Butor (Michel) (suite)
Là réside peut-être la plus profonde originalité de Butor. Il est légitime de lui faire une place dans l’école du « nouveau roman » : tels Nathalie Sarraute ou Beckett, il considère la réalité comme un jeu de relations indéterminées, attache beaucoup plus de prix aux apparences qu’aux « profondeurs » et soumet les méandres du temps aux lignes de l’espace. Mais il se sépare radicalement d’un Robbe-Grillet en considérant la culture comme le milieu même de l’homme et surtout comme son salut. Les cartes que dresse son écriture, à la fois proustienne et familière, indiquent des modèles de cheminements à travers nos représentations et à travers nos « lectures » d’un livre, d’un tableau, d’une musique.
Le culturel est pour lui le bien commun des hommes, qui doivent apprendre à y employer leur temps grâce à des tables d’orientation. Dans tous ses ouvrages, Butor est le pédagogue de cet emploi, et il est technicien littéraire dans la mesure même où il récuse la technicité mécaniste de son époque. On ne s’étonnera donc pas de trouver dans ses récits un monde de personnages moyens, sinon humbles, qui n’ont rien du héros et sont simplement aux prises avec le double problème de leur présence au monde et de leur « moi ». Le « structuralisme » de Butor est un humanisme. Créateur ou critique, Butor révèle des jeux de formes, des combinatoires esthétiques, parce que là réside à ses yeux le sens de la vie.
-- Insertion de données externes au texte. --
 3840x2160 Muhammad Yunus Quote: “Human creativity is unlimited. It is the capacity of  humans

Son appétit de littérature, de peinture, de musique est non moins « hugolien » (G. Raillard) qu’organisé, mais, en lisant ses écrits, on peut imaginer Montaigne étudiant la facture des Misérables.
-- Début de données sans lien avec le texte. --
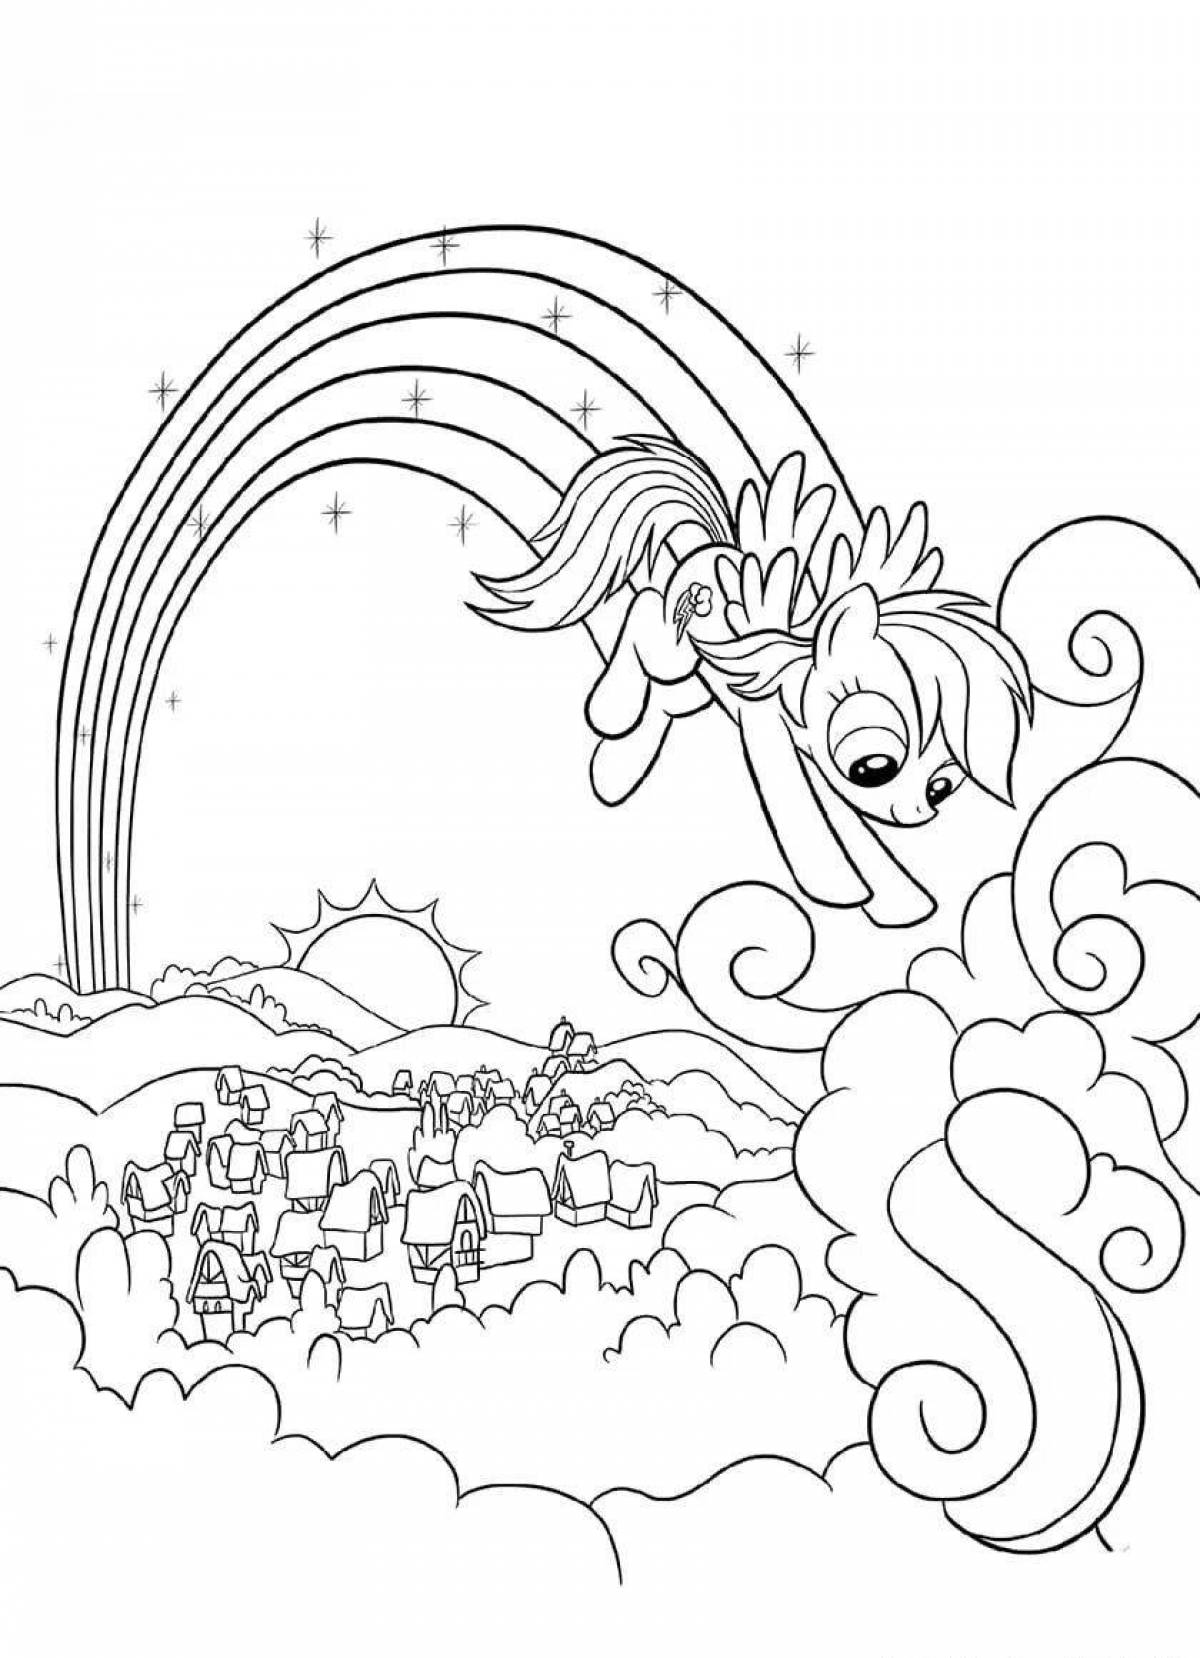 Glowing rainbow pony coloring page

Principales œuvres de Michel Butor
Passage de Milan (1954), roman ; l’Emploi du temps (1956), roman ; la Modification (1957), roman ; le Génie du lieu (1958) ;
Répertoire I, II, III (1960, 1964, 1968) ; Degrés (1960), roman ;
Histoire extraordinaire, essai sur un rêve de Baudelaire (1961) ;
Mobile, étude pour une représentation des États-Unis (1962) ;
Réseau aérien (1962), texte radiophonique ; Description de San Marco (1963) ; Hérold (1964) ; Illustrations (1964) ;
6 810 000 litres d’eau par seconde, étude stéréophonique (1965) ;
Portrait de l’artiste en jeune singe (1967) ;
Dialogue avec 33 variations de Ludwig van Beethoven sur une valse de Diabelli (1971).
M. Z.
R. M. Albérés, Michel Butor (Éd. universitaires, 1964). / J. Roudaut, Michel Butor ou le Livre futur (Gallimard, 1964). / L. S. Roudiez, Michel Butor (New York, 1965). / J. Kolbert et C. Book, l’Art de Michel Butor (Oxford, 1967). / J. Ricardou, Problèmes du nouveau roman (Éd. du Seuil, 1967). / G. Raillard, Michel Butor (Gallimard, 1968). /M. Zeṛaffa, Personne et personnage. Le romanesque des années 1920 aux années 1950 (Klincksieck, 1969). / F. Van Rossum-Guyon, Critique du roman. Essai sur « la Modification » de Michel Butor (Gallimard, 1971). / L. Dällenbach, le Livre et ses miroirs dans l’œuvre romanesque de Michel Butor (Lettres modernes, 1972). / A. Helbo, Michel Butor. Vers une littérature du signe (Complexe, 1975).